→ **Task statement**: For the material below, return exactly the lines starting at the line containing "Women's sweater - Market & Spruce - 1" and ending at the line containing "Comment se protéger", both ends included, and no others.

→ **The data**:
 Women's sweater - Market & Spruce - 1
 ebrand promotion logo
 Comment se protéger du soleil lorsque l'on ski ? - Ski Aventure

---

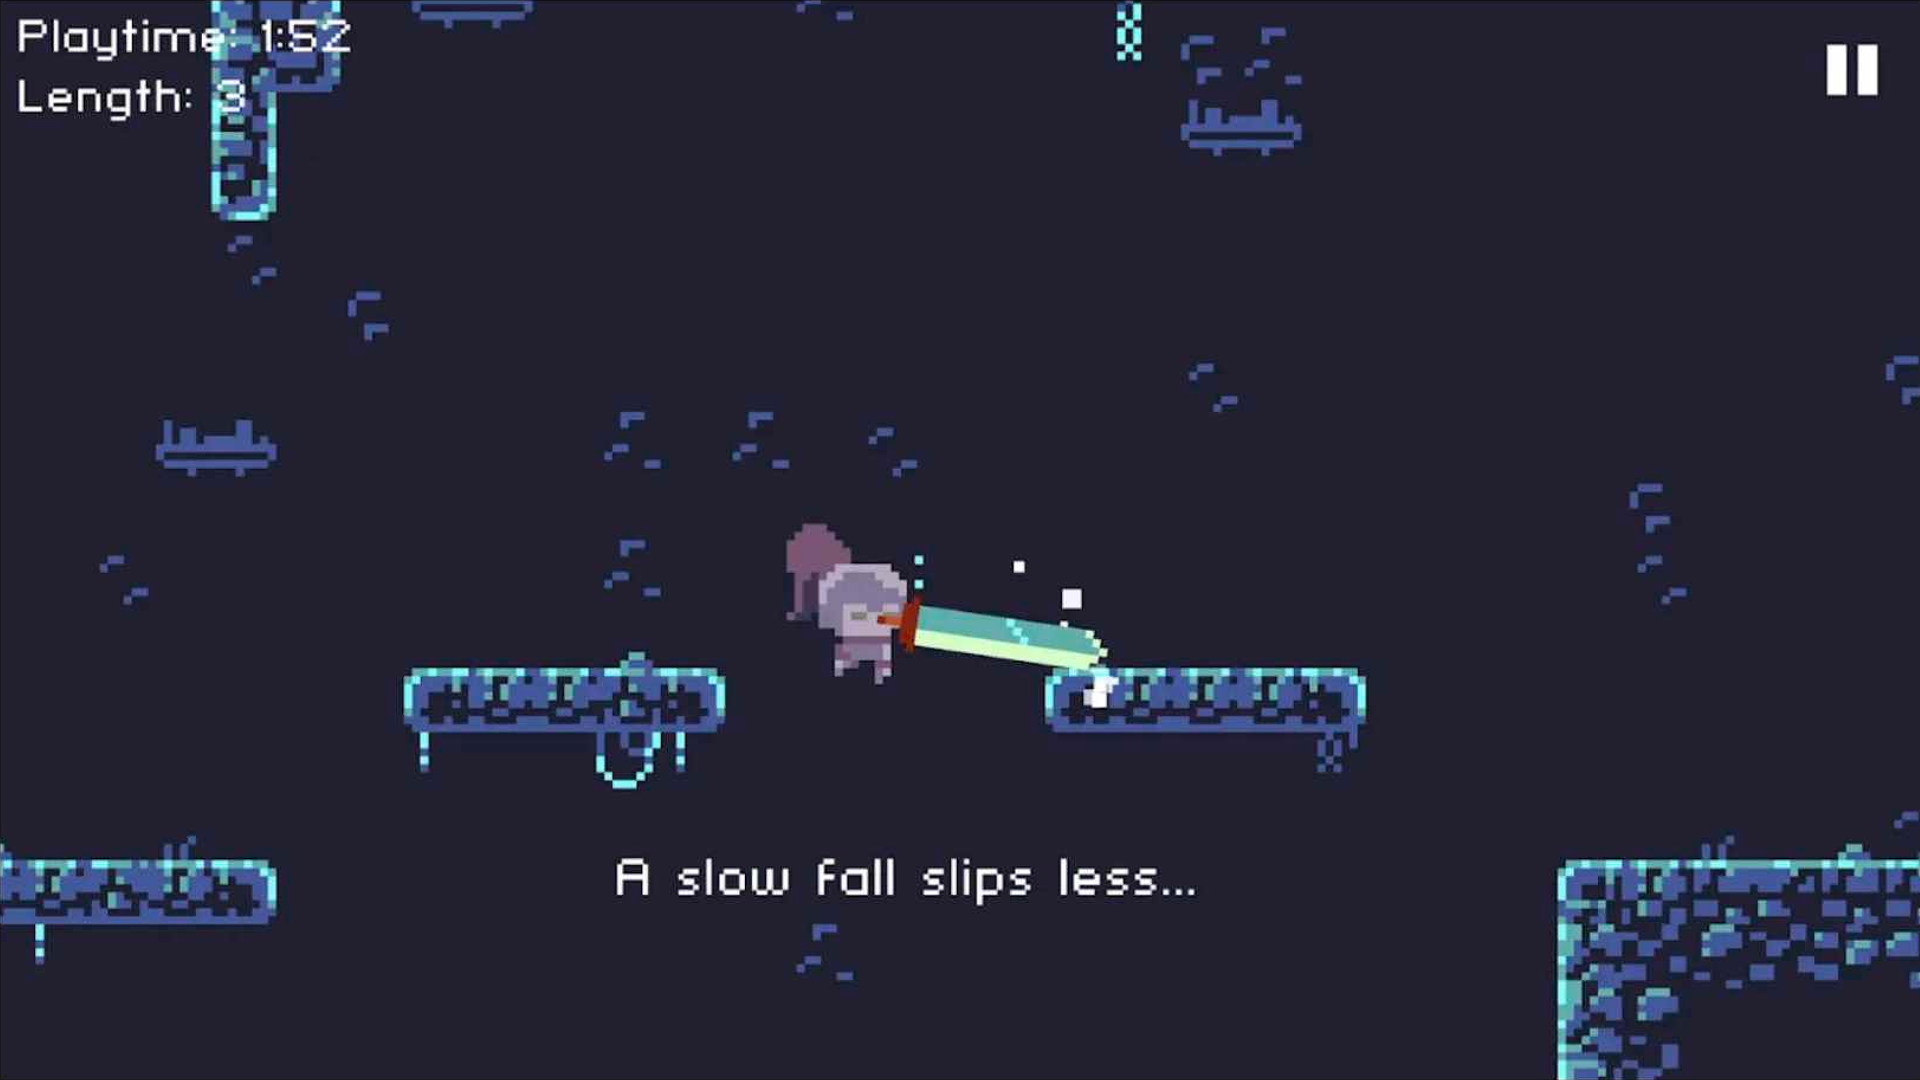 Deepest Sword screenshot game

...

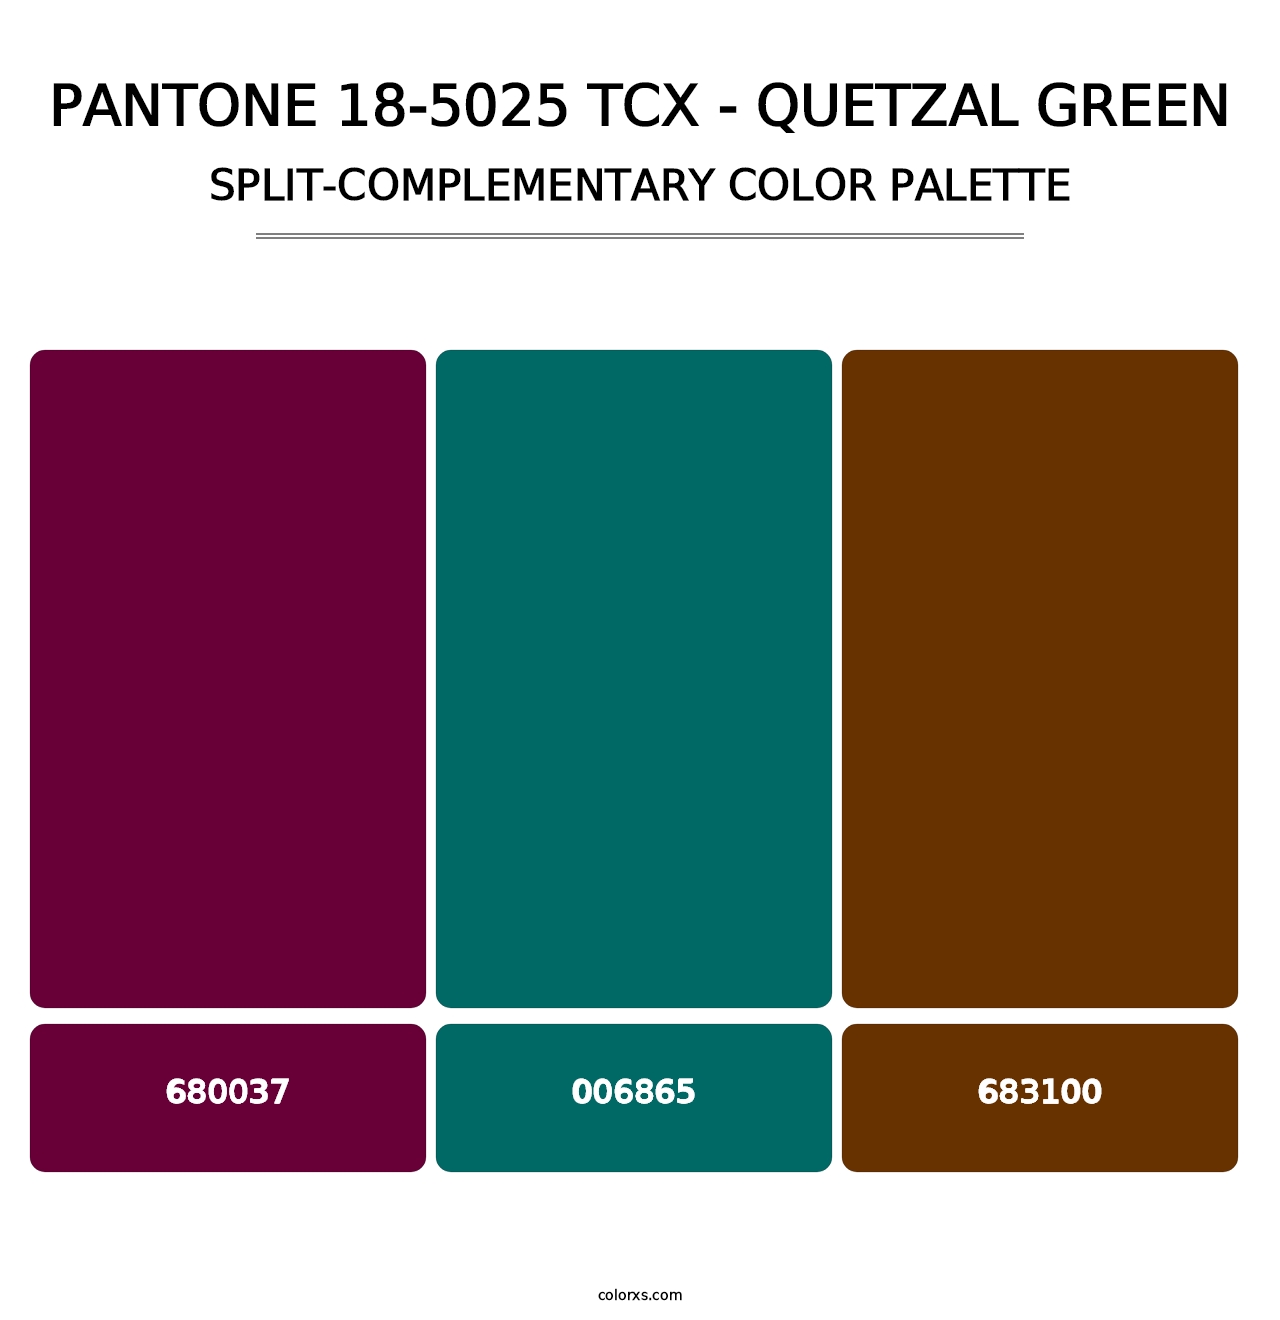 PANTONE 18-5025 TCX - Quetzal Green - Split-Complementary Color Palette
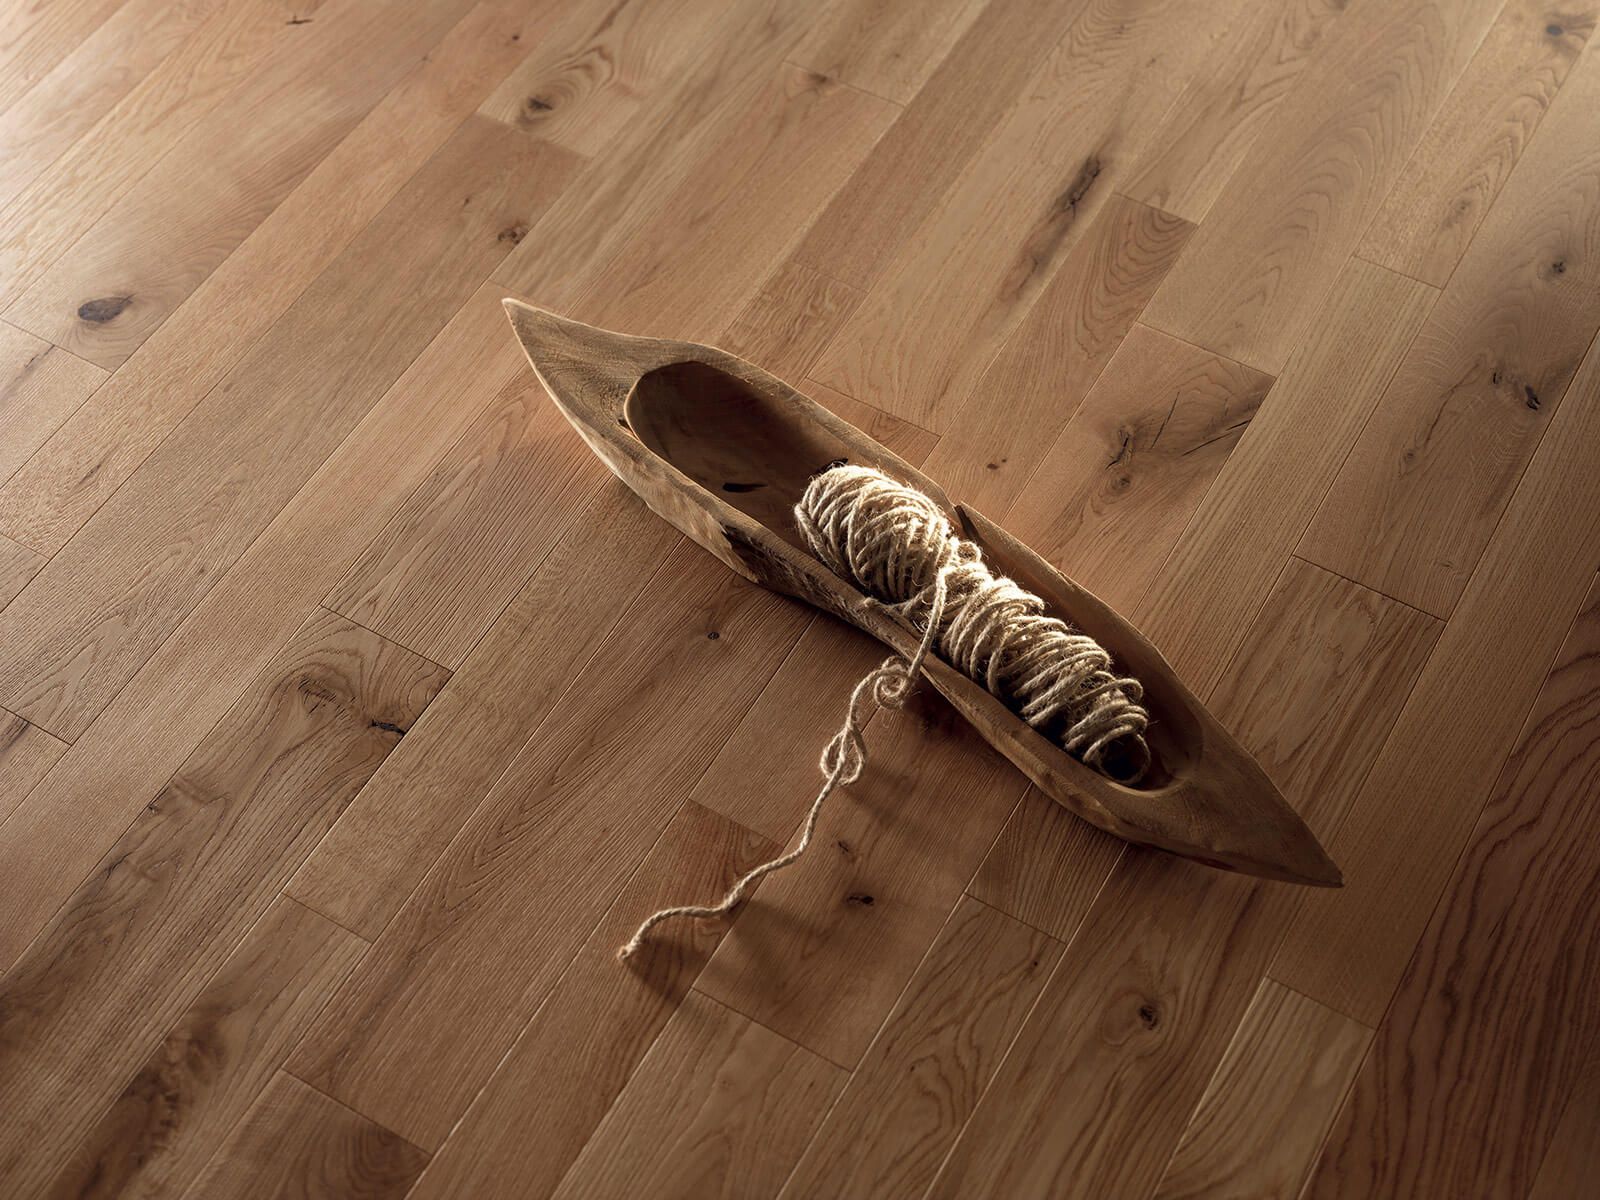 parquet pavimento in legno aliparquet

→ **The completed task**:
 Women's sweater - Market & Spruce - 1
 ebrand promotion logo
 Comment se protéger du soleil lorsque l'on ski ? - Ski Aventure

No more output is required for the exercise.